When analyzing monorepo-docs/debugging-carpet-issue.md:

path: "monorepo-docs/debugging-carpet-issue.md"
importance_score: 0.22
suggested_category: "auto_skip"
ai_reasoning: |
  Debugging notes from a specific session. Informal structure.
  Contains "debugging" in filename.

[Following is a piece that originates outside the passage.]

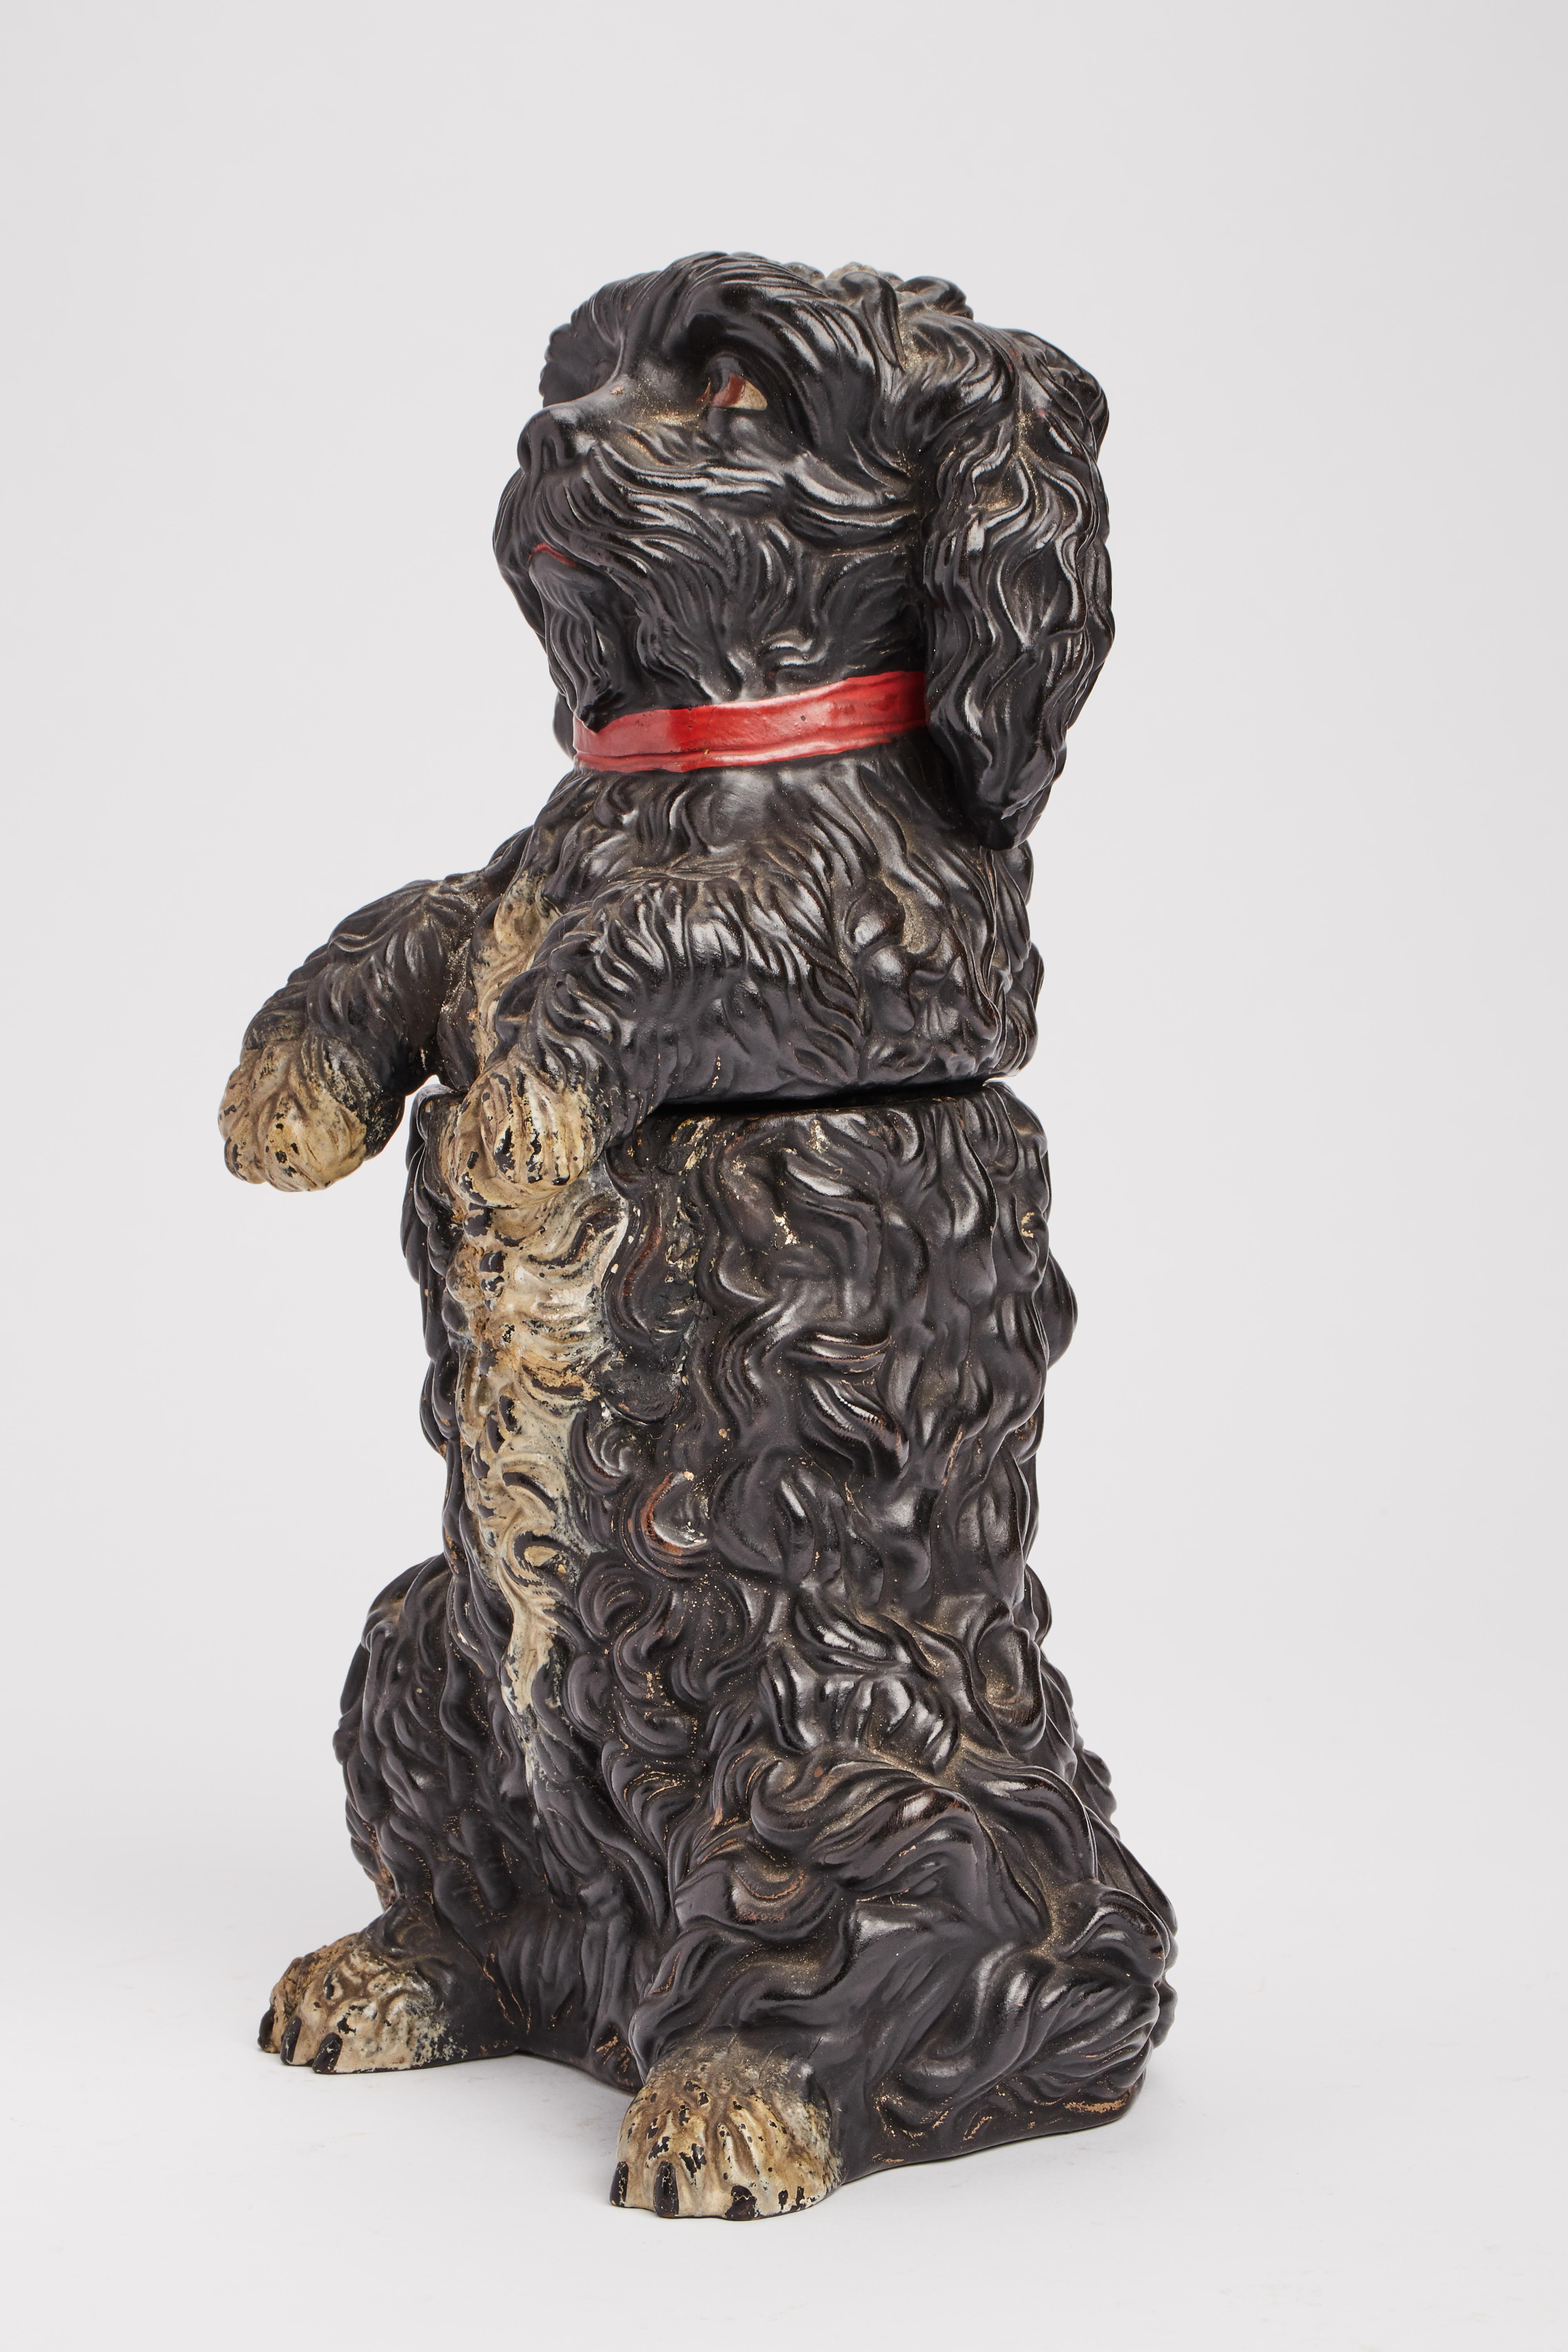 Sculpture en terre cuite peinte, représentant un chien caniche noir avec un collier rouge, faisant office de porte-tabac. Autriche vers 1880.

Likely ephemeral working doc.
  Not suitable for authoritative documentation.
signals:
  quality: 0.30
  freshness: 0.40
  scope: 0.10
  deprecation: 0.20
auto_skip: true
skip_reason: "Filename pattern matches debugging-*.md"

Integration with CLAUDE.md

After running this skill, CLAUDE.md should reference key authoritative docs:

# Project Name

> **Bootstrap**: Read [PROJECT-GENOME.yaml](PROJECT-GENOME.yaml) first.

## Key Documentation

| Category | Authoritative Docs |
|----------|-------------------|
| Architecture | `system-docs/OVERVIEW.md`, `MESSAGE_HANDLING.md` |
| API | `BACKEND_API_COMPLETE.md` |
| Components | `backend/CLAUDE.md`, `mobile-app/CLAUDE.md` |

See `documentation_map` in PROJECT-GENOME.yaml for full list.